FOLKENFLIK: Off the air, producers scrambled to prepare an obituary. Doug Vogt was injured but out of danger relatively quickly. Yet, a series of near miracles had to occur for Woodruff to live. An interpreter pressed his hand over Woodruff's neck to quell the bleeding. Military surgeons had to remove a chunk of skull to accommodate his swelling brain. He was back stateside within a few days receiving expert care in a medically-induced coma that lasted five weeks. When Woodruff awoke, he embarked upon years of therapy. Among other things, it was hard for him to find the right words.
WOODRUFF: You know, I can always make my points. There's no question about it. Sometimes there's names that are really hard for me to remember because there's only one of them. There's no synonym for a name.
FOLKENFLIK: Journalism had been an accidental calling. Bored by corporate law, Woodruff took a leave to teach in Beijing, and in 1989, served as an interpreter for CBS News during the Tiananmen Square crackdown. That led to local TV news and then to ABC in the mid-1990s. His passion for reporting persisted. A year after nearly dying, Bob Woodruff returned to the air to cover severely wounded veterans. He even went back to Iraq under tightly controlled conditions. Woodruff knows he'll never be anchor again.
WOODRUFF: You know, I do think about that every once in a while. I certainly did back then. People fight to get back what they got, and they have anger that why didn't they get that and why didn't they keep it. There's no secret. I had the same. In that sense, that's why I relate so well to those who've been wounded in wars.
FOLKENFLIK: Woodruff's wife, Lee, learned that many families of severely wounded troops could not afford to take time off from jobs to be with them during extended recoveries.
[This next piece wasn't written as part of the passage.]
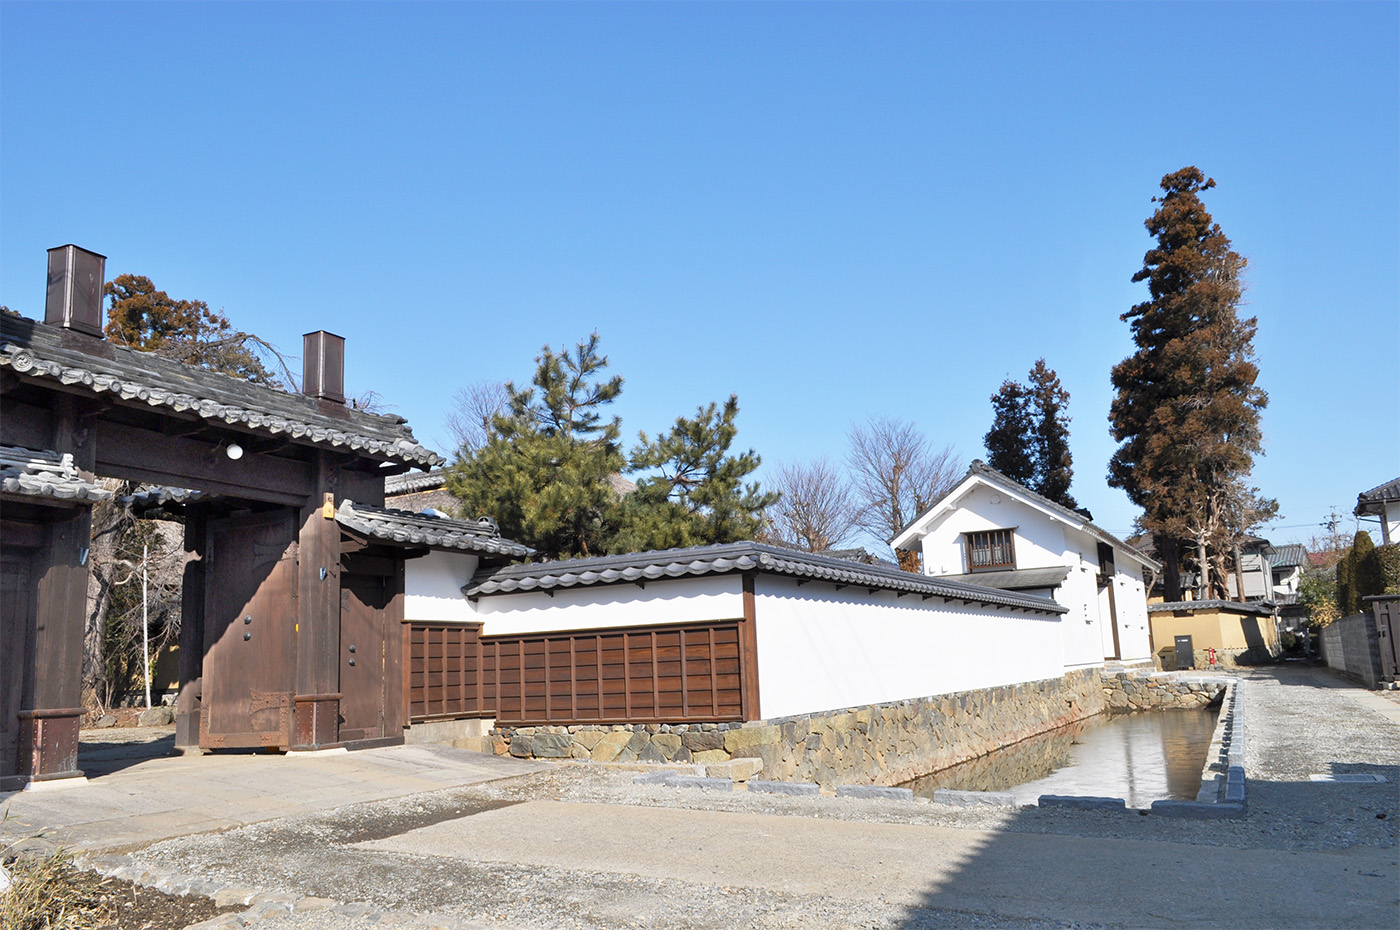 Takemizuwake Shrine Matsuda Residence Remains

Together, they set up the Bob Woodruff Foundation, built in part on a yearly concert called Stand Up for Heroes, with performers such as John Oliver and Bruce Springsteen.
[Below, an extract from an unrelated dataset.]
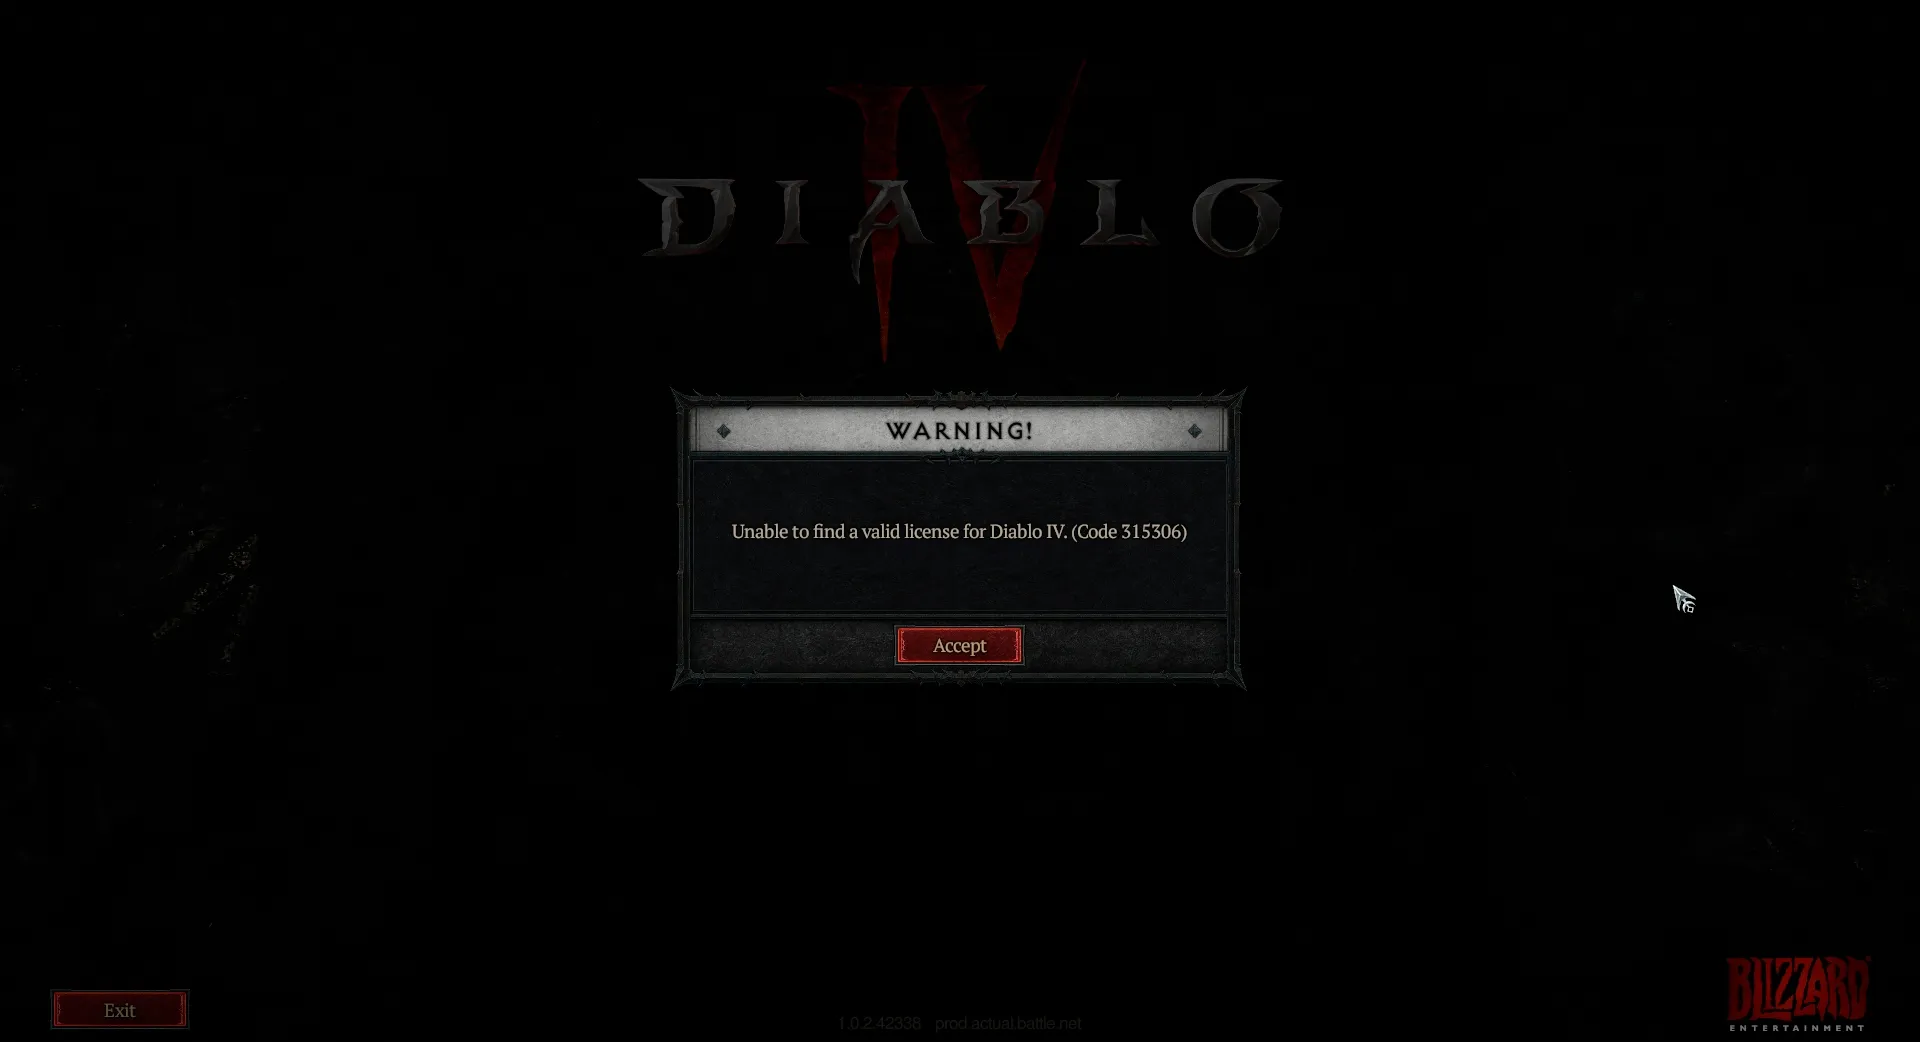 O imagine care arată codul de eroare 315306, care spune că Diablo 4 este

(SOUNDBITE OF SONG, "WORKING ON THE HIGHWAY")
BRUCE SPRINGSTEEN: (Singing) Working on the highway and laying down a blacktop.
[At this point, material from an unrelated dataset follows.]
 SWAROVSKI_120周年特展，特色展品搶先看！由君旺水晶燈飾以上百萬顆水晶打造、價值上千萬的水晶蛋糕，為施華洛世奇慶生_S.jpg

FOLKENFLIK: The foundation has given away more than $30 million in grants for programs aiding servicemembers and their families. Woodruff says the lessons he shares with wounded troops apply to him, too.
WOODRUFF: You've got to, at some point, just stop dreaming of being exactly the way that you were. There's a lot of moments in your life or things that you're doing in your life will be better than they were before. The work that we've done with our foundation, I think it's the most satisfying, fulfilling thing I've ever done in my life.
FOLKENFLIK: Last year, he returned to China as ABC's new Beijing correspondent. It might take him a little more effort than the typical reporter to turn a story. Bob Woodruff is OK with that. David Folkenflik, NPR News.